Опережая твой вопрос, скажу, что: да, в клубе торговали наркотиками, оружием и много чем ещё. Насилие и всё, в таком духе — вот то, с чем потом пришлось бороться. Когда-то силой, когда-то хватало и слов, но с годами клуб “Чёрные ангелы” стал почти приличной организацией. Почти, потому что слишком много сложностей, о которых знать не нужно. Просто смирись, что есть в этой жизни углы, в которые я тебя никогда не пущу, даже если будет стоять вопрос жизни и смерти. Для твоей же пользы.

Но Спартак… когда-то он не получил место президента клуба. Просто так сложилось, но ребята никогда ему не доверяли. С этим ничего не поделаешь, но они, коллективным голосованием, почти единогласно выбрали меня. Не сказать, что я горел этой идеей, мечтал о повышении, но сделанного не воротишь. А Спартак обиделся. Он вообще оказался на редкость мнительным и ранимым мудаком.

Сейчас он мстит. Мне, клубу, городу, из которого пришлось уехать. И периодически он снова возникает, устраивая шухер, наматывая мои нервы на кулак, и всеми силами пытается устранить меня, как жизнеспособную единицу.

— Шрамы… на твоём теле… они из-за Спартака? — спрашивает Марго, а глаза такие огромные, что в них утонуть можно.

Проницательная она всё-таки. А ещё, мне кажется или она на самом деле волнуется обо мне?

— В большинстве случаев так или иначе.

Я не собираюсь вдаваться в подробности, потому что того, что уже сказал, вполне достаточно, чтобы утолить её любопытство. На большее я, увы, не способен.

— Марго, он очень жестокий и беспринципный подонок. Я просто хочу, чтобы ты знала об этом. Раз у нас зашёл этот разговор.

— Спасибо… легче мне, конечно, не стало, но что-то я поняла.

— Что именно?

— Что хрен ему на палочке, а не ключи от “Приюта”!

— Моя девочка, — усмехаюсь, туша окурок в пепельнице. — Но охрану не зря в бар поставили, так надёжнее. Моя паранойя на время, может быть, утихнет.

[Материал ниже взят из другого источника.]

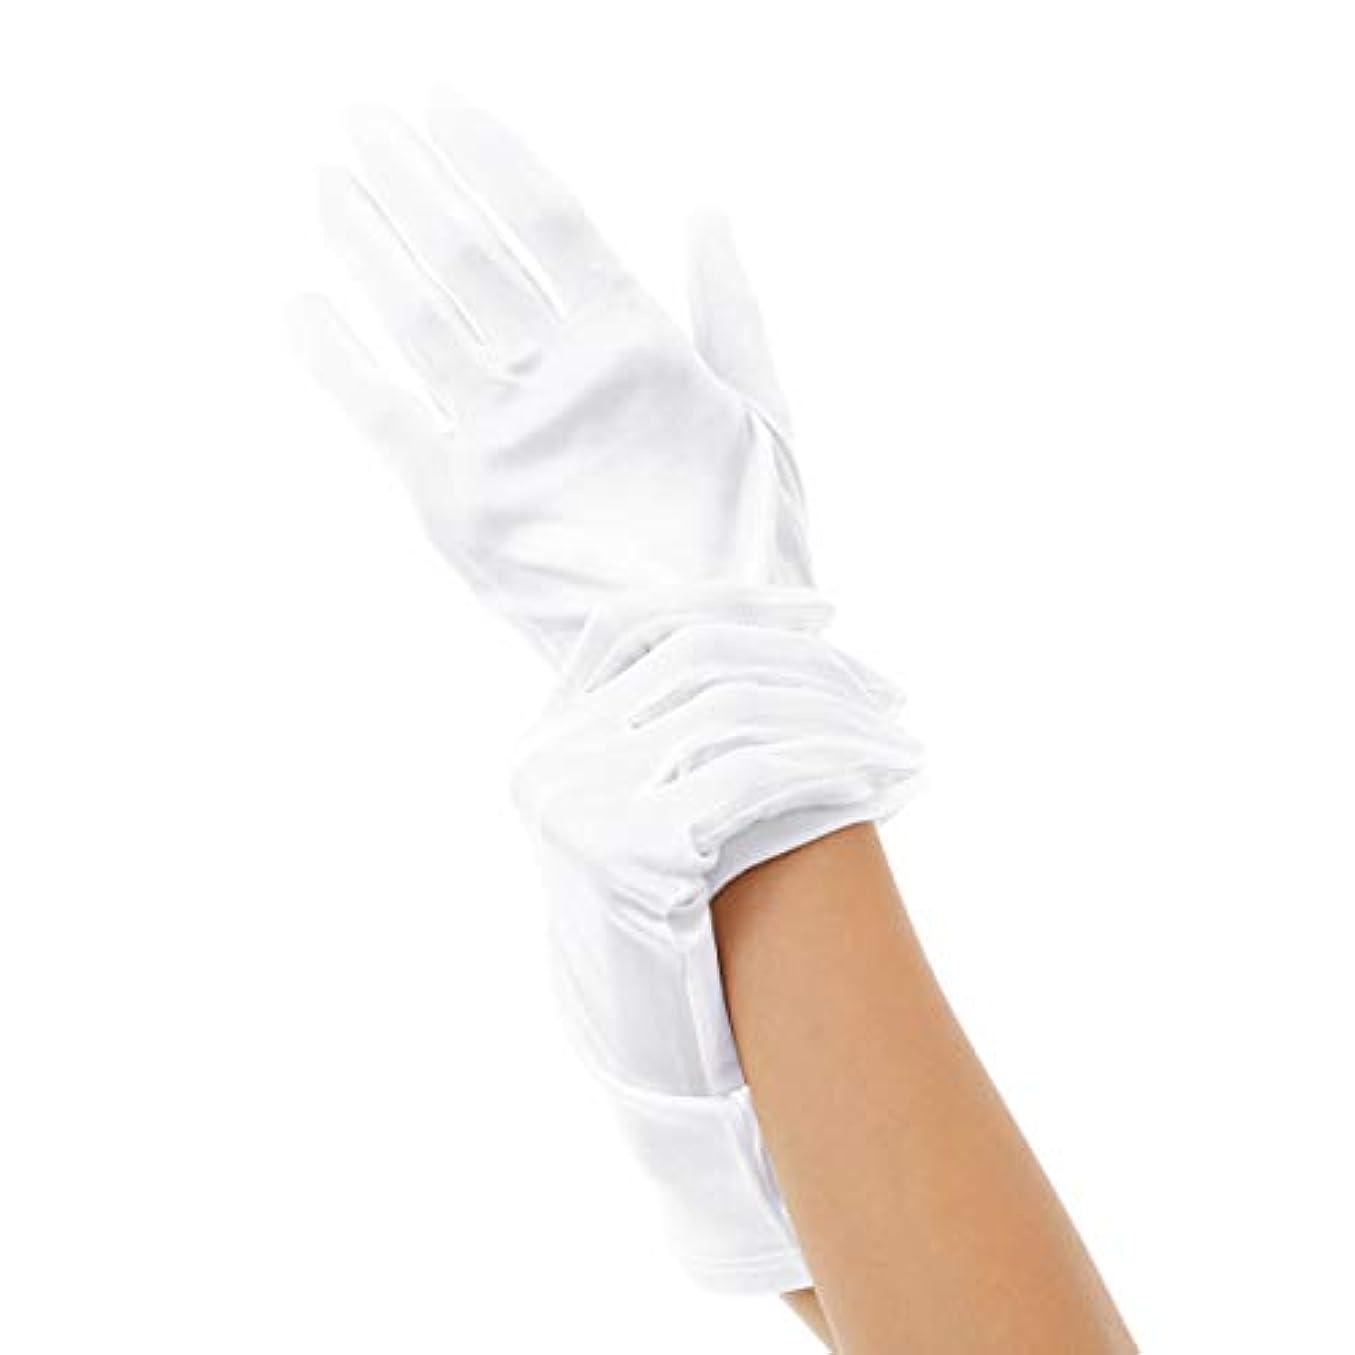 Silk 100% ハンドケア シルク 手袋 手首ゆるゆる おやすみ スキンケア グローブ 薄手のスムース素材 外出時の UV対策 や インナーグローブ にも最適 うるおい 保湿 ひび あかぎれ 保護 (L, ホワイト)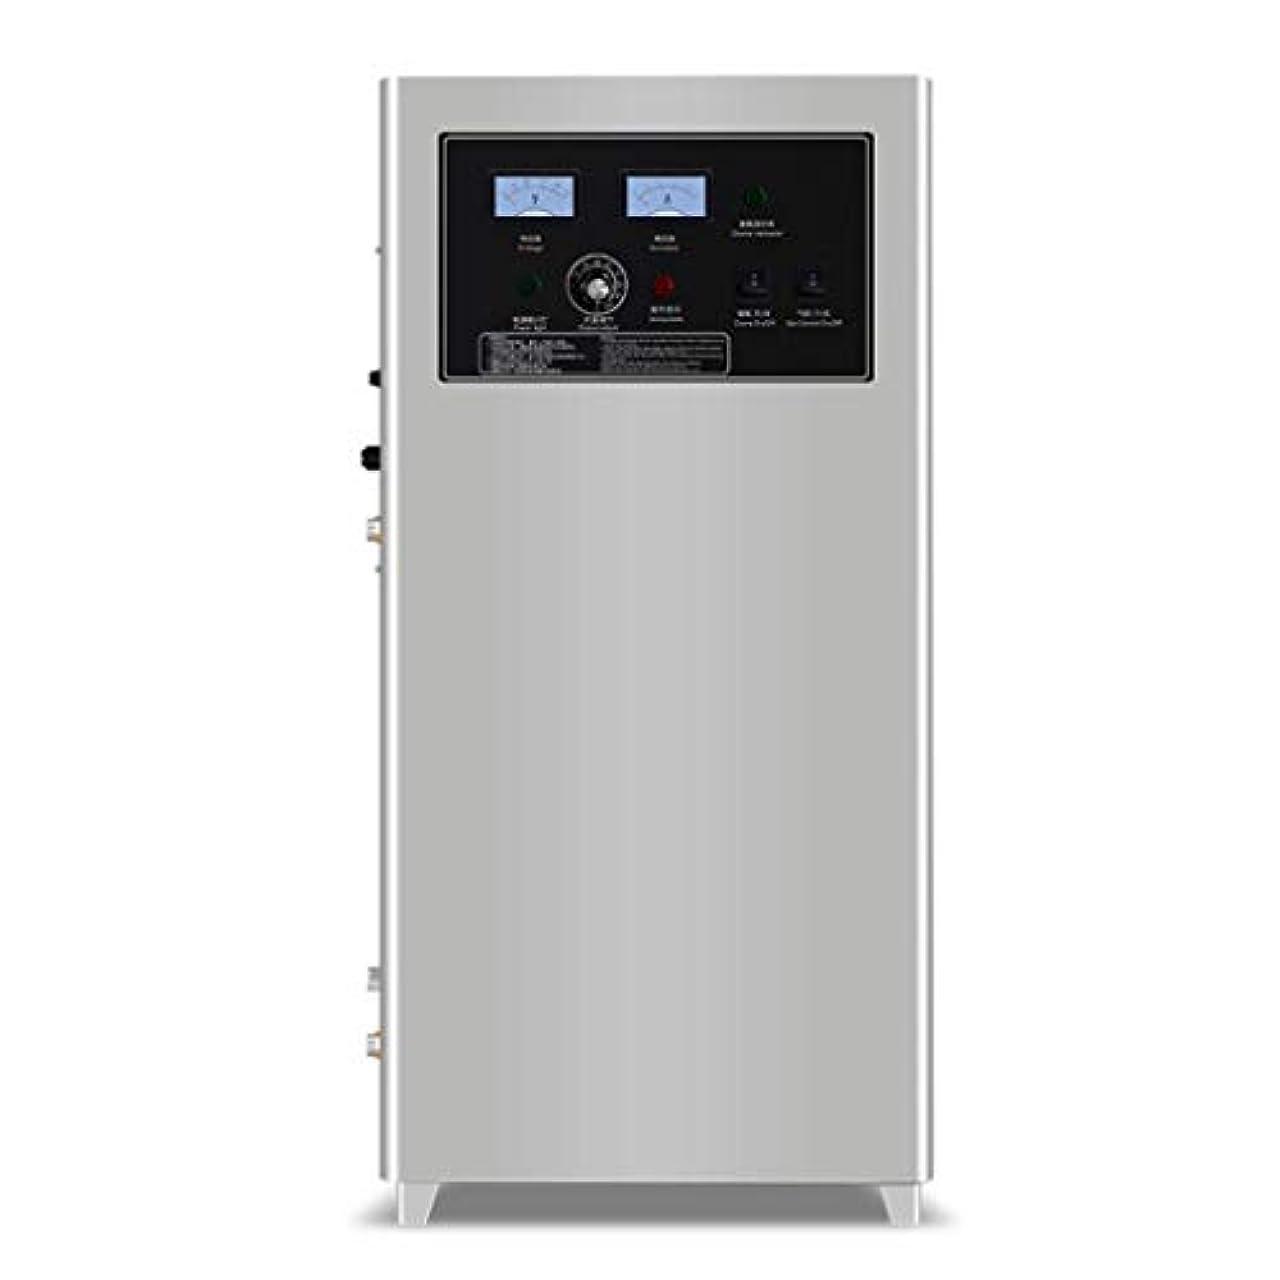 タイマー矛盾肥沃な滅菌器, オゾン消毒装置、宇宙消毒装置、オゾン装置

— Спасибо тебе, — вдруг говорит, приглаживая волосы пальцами.

— За что?

— За всё, что уже сделал. Мне неловко тебя обременять, противно даже, но меня распирает изнутри от чувства благодарности.

Чёрт, в носу что-то щиплет. Старею, наверное, сентиментальным становлюсь. Но, чёрт возьми, мне приятно это чувство, радостно делать хорошо этой женщине.

— Слушай, может быть, закроешь пока бар? — предлагаю, переводя тему. — На время, пока мы со Спартаком не разберёмся.

— Зачем это? — удивляется, а во взгляде чистое упрямство.

— Просто потому, что так намного безопаснее. Уедешь куда-нибудь, отдохнёшь.

Это и правда, могло бы стать неплохим выходом. Временная мера, которая облегчила бы мне задачу.

— Нет, и не уговаривай! — Встряхивает головой, а чёрные волосы водопадом по плечам.

— Почему упираешься?

— Потому что не привыкла пасовать перед всяким моральным мусором.

Вздыхаю, потому что понимаю: её не сдвинуть с места.

— Упёртая какая…

— А то! Но вообще, пока Миша не уедет, я никуда не сунусь. Мало ли…

Это её “мало ли” серпом по яйцам.

— Материнский инстинкт, да?

— Он самый, — подтверждает, решительно кивая. — Ну не могу я его оставить в городе, а самой рвануть куда-то отдыхать. Немыслимо! Да и Алёна… нет, даже слышать ничего не хочу!

— И долго Миша в городе будет?

— Ещё две недели.

Ясно, значит, раньше этой даты бесполезно заводить с Марго разговор об отъезде. Ладно, придётся, значит, решать проблемы по мере их поступления. В первый раз, что ли, на бегу ориентироваться?

— Есть хочешь? — спрашиваю, чтобы увести все эти дурацкие разговоры о Спартаке и его заморочках в сторону.

— Немного, — кивает и смотрит на меня хитрющими глазами. — Кто-то ненасытный, а я потом, между прочим, ходить нормально не могу. В моём возрасте это вредно вообще-то.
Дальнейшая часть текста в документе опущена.